4. D'autre part, à supposer même que les conclusions de M. A puissent être regardées comme tendant à l'annulation de la décision 48 SI en date du 27 juin 2024 par laquelle le ministre de l'intérieur et des outre-mer a constaté la perte de validité de son permis de conduire pour solde de points nul, l'intéressé se borne à faire valoir les conséquences négatives que cette décision a sur sa vie professionnelle et familiale. Toutefois, de telles circonstances sont sans influence sur la légalité de cette décision. Ainsi, à l'appui de ses conclusions aux fins d'annulation, le requérant ne présente que des moyens inopérants. Par suite, sa requête ne peut, en tout état de cause, qu'être rejetée en application des dispositions du 7° de l'article R. 222-1 du code de justice administrative.

O R D O N N E :

Article 1er : La requête de M. A est rejetée.

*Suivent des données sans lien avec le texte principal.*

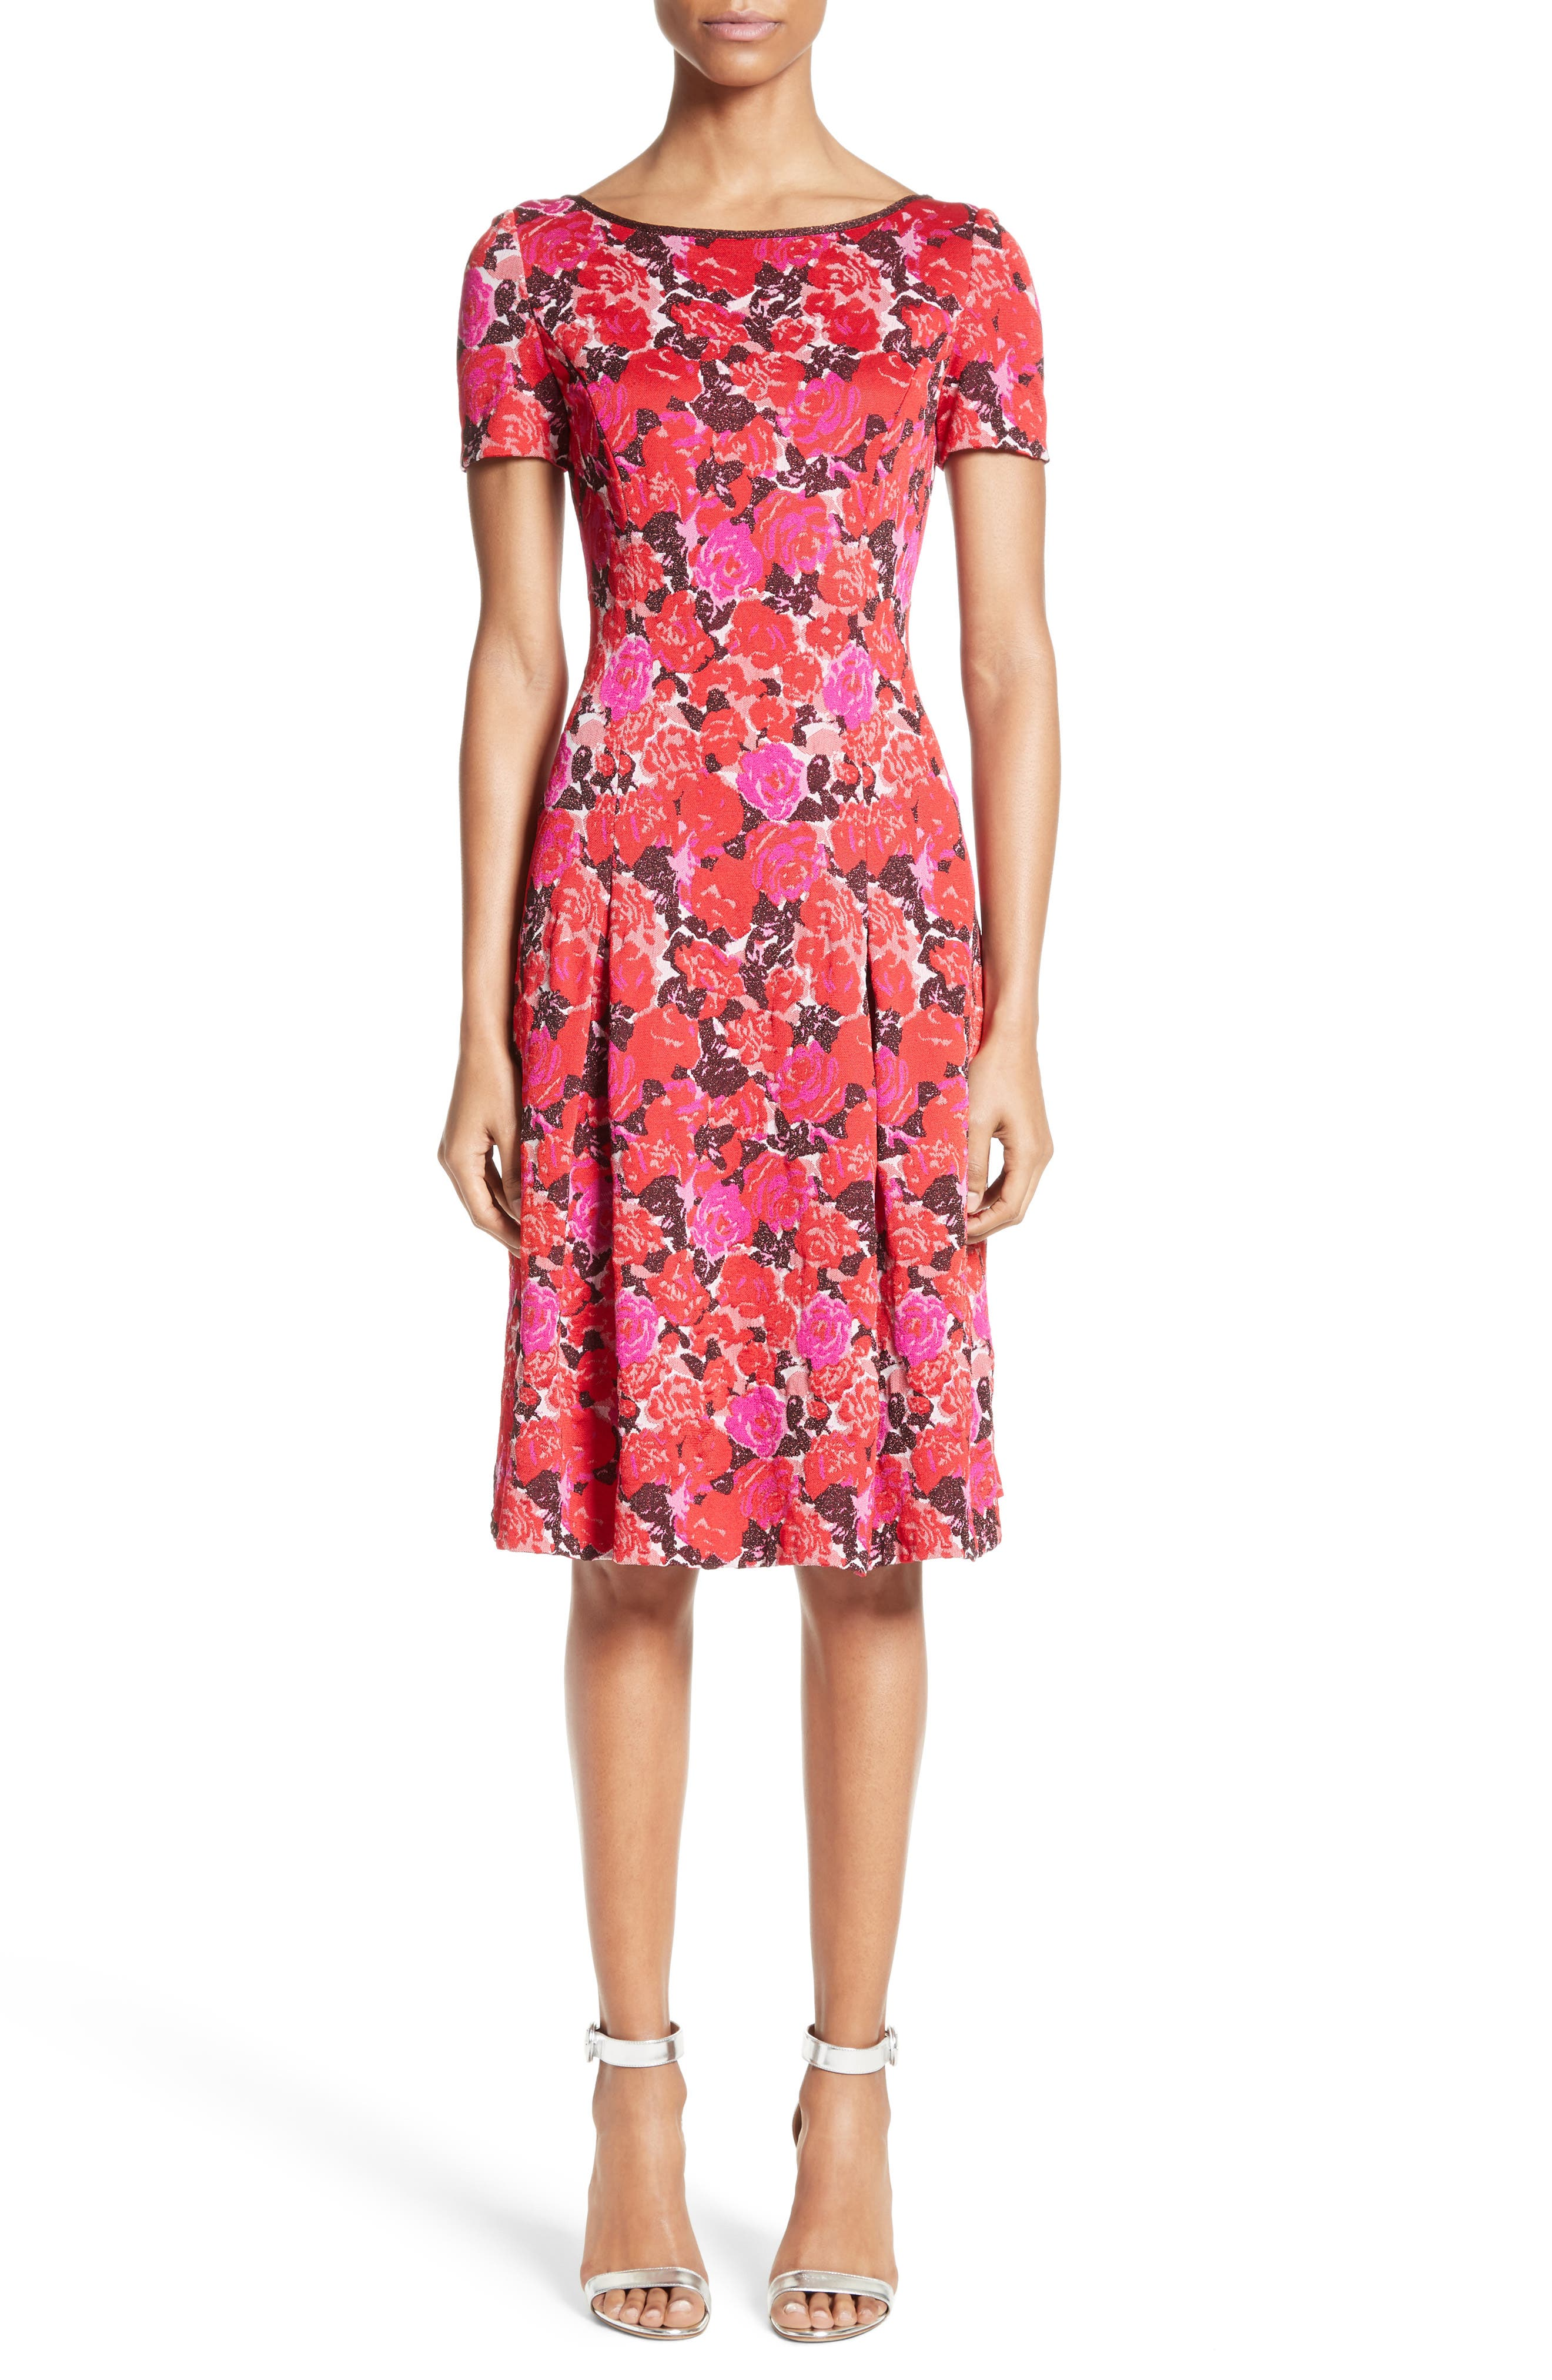 Indian Rose Blister Jacquard Dress,                         Main,                         color, Red Multi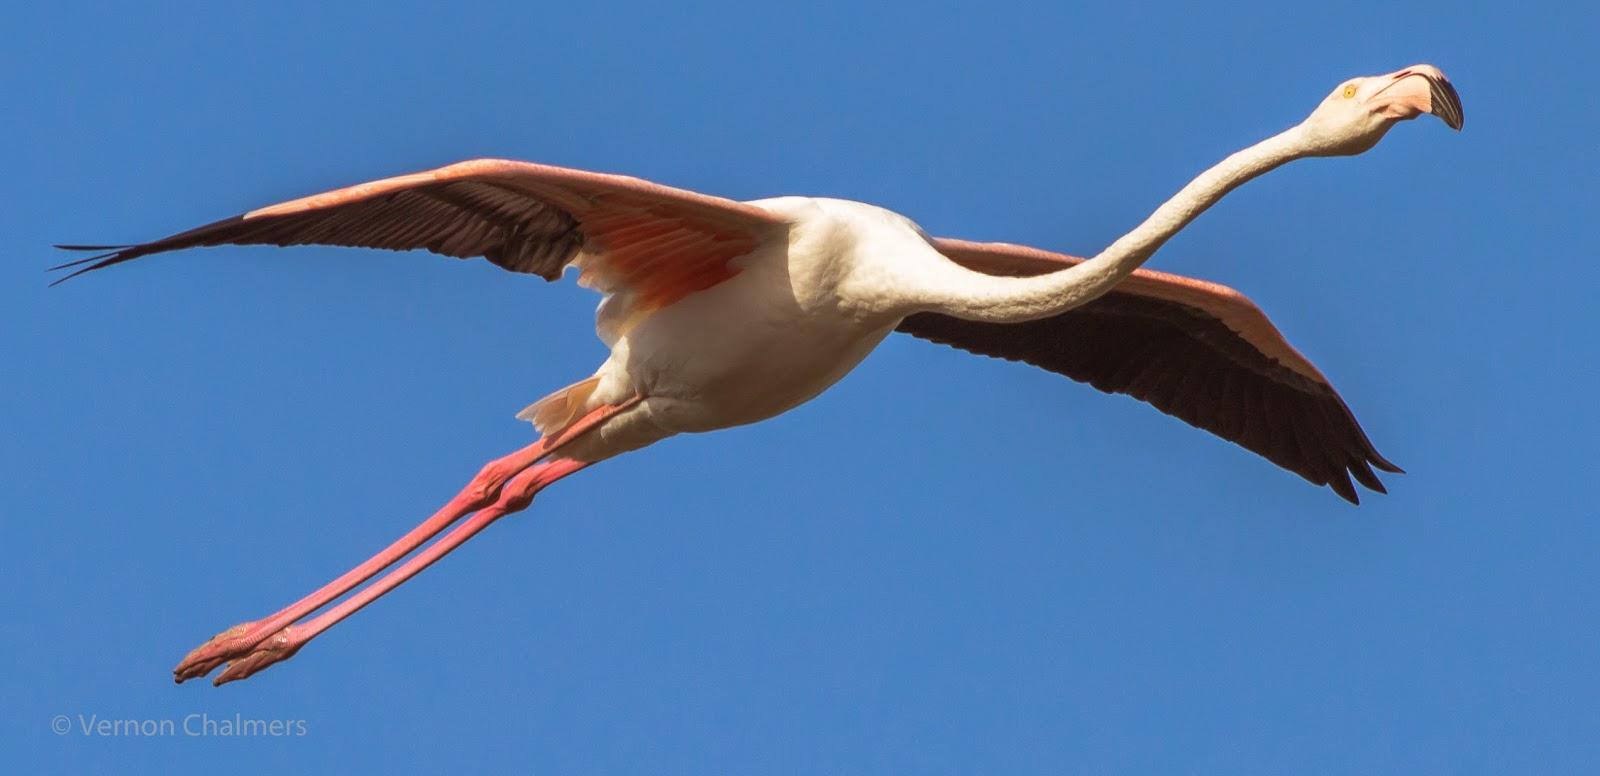 Birds In Flight Woodbridge Island with Canon EF 400mm f5.6L USM Lens

Article 2 : La présente ordonnance sera notifiée à M. B A.

Fait à Versailles, le 5 novembre 2024.

Le premier vice-président,

Signé

R. Féral

La République mande et ordonne au ministre de l'intérieur en ce qui le concerne ou à tous commissaires de justice à ce requis en ce qui concerne les voies de droit commun, contre les parties privées, de pourvoir à l'exécution de la présente décision.